Most desktop applications make heavy use of standardised GUI components such as drop-down menus, tabs, and buttons. Some applications, often web applications, try something different… and fail.
Flash scrollbars are a classic example
Here’s why you should stick to the standards:
- Familiarity – people are used to, and expect these consistent elements in applications. They already know how they work and will be frustrated if yours don’t work in the same way.
- Free research! – You’ll probably find that the original elements underwent much experimentation, analysis and research until an optimum was found. This is all yours for free with the standard element!
As such, it’s important not to bastardise these elements without understanding the thought process behind them. Let’s take a look at some examples…
Tabs
Vista's standard tab interface shows correct tab usage.
Tabs are a great interface control – they provide a mechanism to make extra information easily available without overloading the user. When used correctly, as per the standard Windows (see right) and Mac controls they also create a great physical metaphor – new users can relate the interface to traditional paper tabs and know what to expect.
What often happens when people mess with tabs, is that they they break that metaphor. For tabs to work, they need to be a different colour when selected, and that colour should be the same as the page displayed below. Just as they would with paper tabs.
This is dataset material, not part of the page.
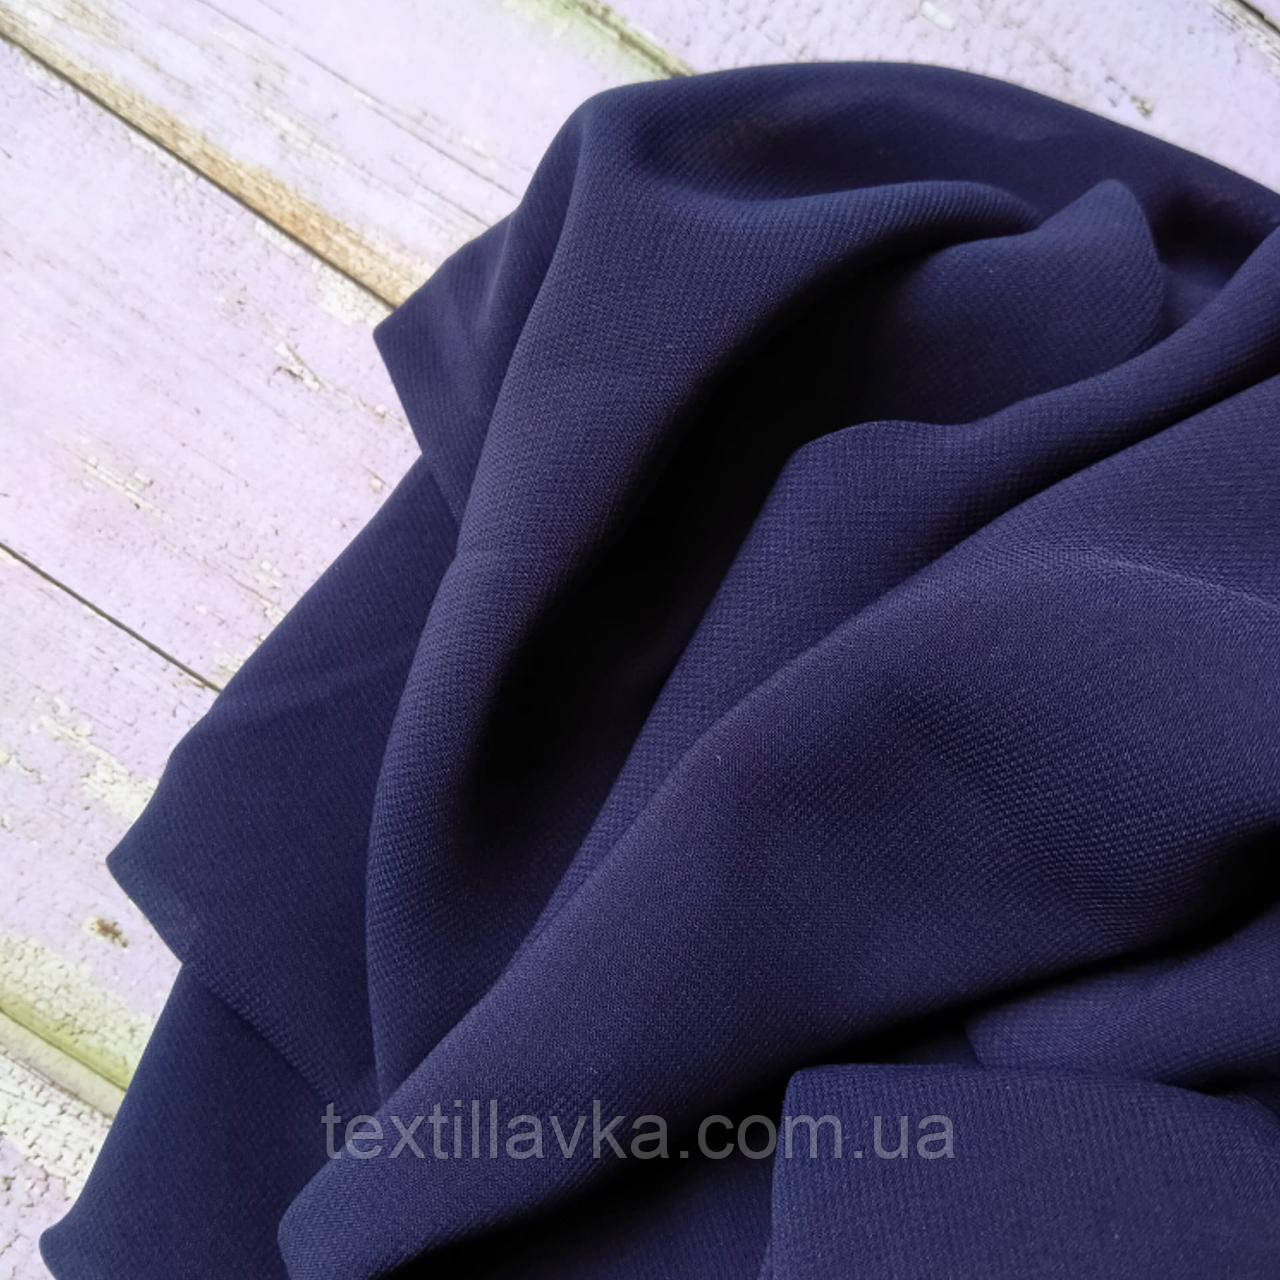 Тканина шифон Винди темно-синій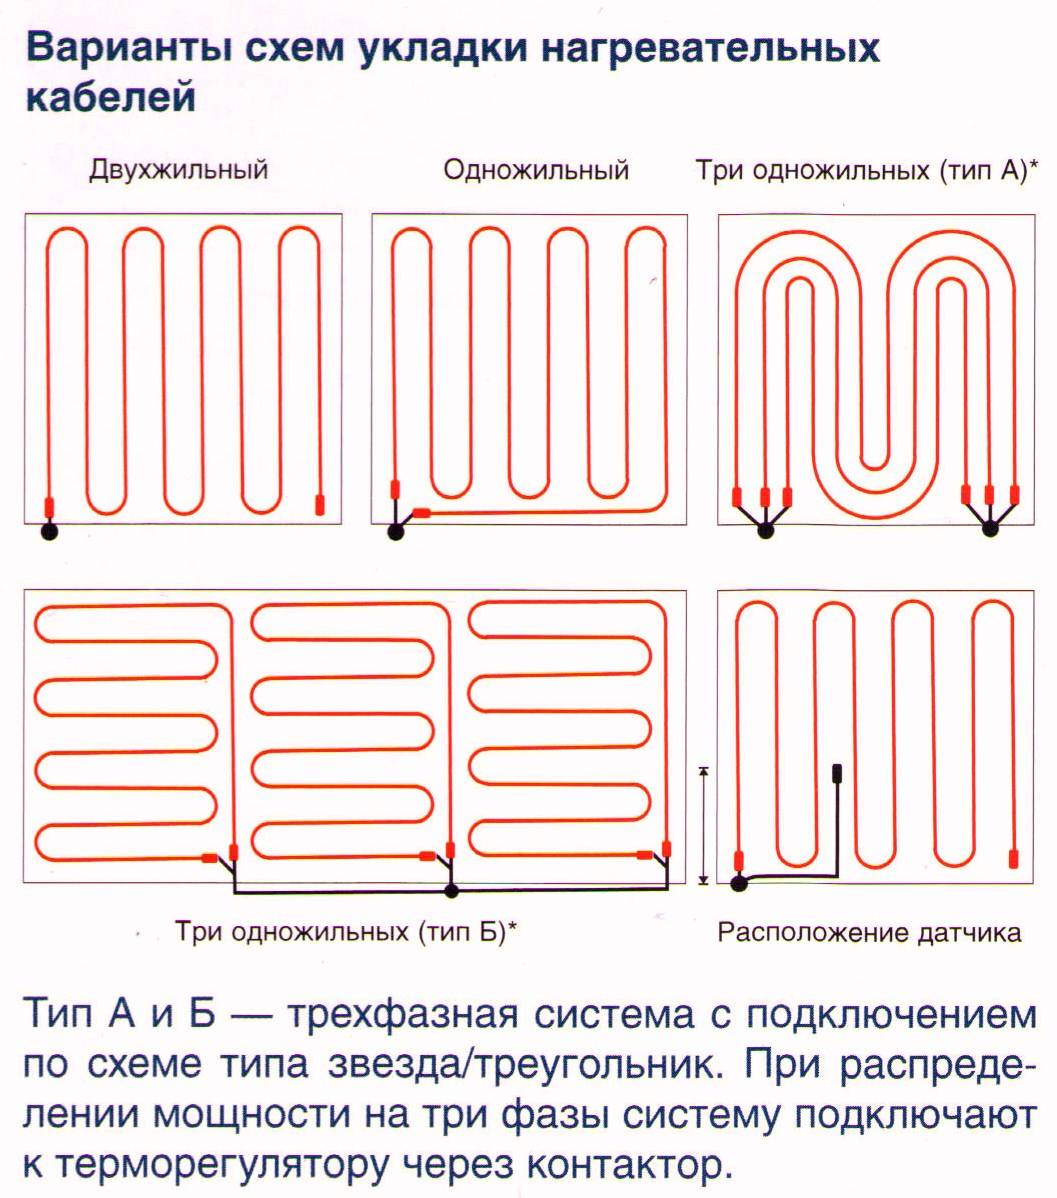 Одножильный и двужильный теплый пол отличия - подборки рекомендаций перед началом ремонта

A poor web implementation of tabs.
The image to the right shows an example where the designers have not thought about this metaphor and as a result have produced less usable tabs. They have lost the affordance of tabs – it’s no longer clear what is selected, nor what clicking the tabs will do.
Someone at IBM put a lot of thought into how tabs would work best – let’s not put it to waste by thinking we know better, not until you understand the though process behind the design.
See Steve Krug’s “Don’t Make Me Think” for more detail on the correct design of tab controls.
Scroll Bars

No honestly, that is an actual scrollbar!
Time and time after again we see designers, often of Flash sites, try and reinvent the scroll bar. Not once have I seen anyone offer an improvement over the standard. As well as the risk that users won’t recognise or understand your scroll bar, they ignore what makes the standard element so good:
- Recognisable scroll buttons with arrows pointing in direction of movement
- The slider (or ‘thumb’) gets larger when you have less to scroll, providing a larger target when less accuracy is required
- Clicking in the trough jumps the content up or down
- Holding down the mouse makes it scroll faster
- It works horizontally or vertically
- Only appears when required
- Works with mouse scroll wheels
I’ve seen all these rules broken simply because the designers wanted something looking different. It gets worse still when they try and make them behave differently, such as those that scroll on hover, instead of on click.
The example to the right, is possibly the worst scrollbar I’ve come across. So much so that you might struggle to spot it. The plus and minus sign along with the bullet points actually form a disjointed scrollbar. If you hover over plus or minus the content moves vertically within it’s box. If you click a bullet it scrolls to specific points. Clicking or hovering anywhere else does nothing. What makes it worse is that this is a small part of the page not a whole screen, so there’s not even the expectation that it might scroll!
Application Close Button

Photoshop CS4's non-standard close/resize buttons
Here’s the problem that prompted me to write this post in the first place – Photoshop CS4’s close button.
You might be thinking there’s not much to go wrong with that little buttons in the top right of your screen, but therein lies the important factor – they need to be at the top right, the very top right!
The top right corner is one of the easiest places on the screen to reach – you can get there in an instant with just a blind fling of your mouse. Move the button just a coupe pixels in from that corner and you lose this – as Abode have done. Worse still, they’ve made the button smaller which makes it harder to use, as Fitts’ Law explains:
The time required to move to a target area is a function of the distance to and the size of the target.
The edges of your screen are effectively of an infinite depth – however far your arm moves the mouse, the cursor stays at the edge. Therefore they represent the biggest click targets and are prime real estate for common functions.
The positioning of the standard close button is no coincidence. As we’ve found, there’s science and research behind all successful interface design, despite the fact that it may not seem immediately obvious. As such, unless you’ve got a genuine reason not to, please leave the interface elements alone!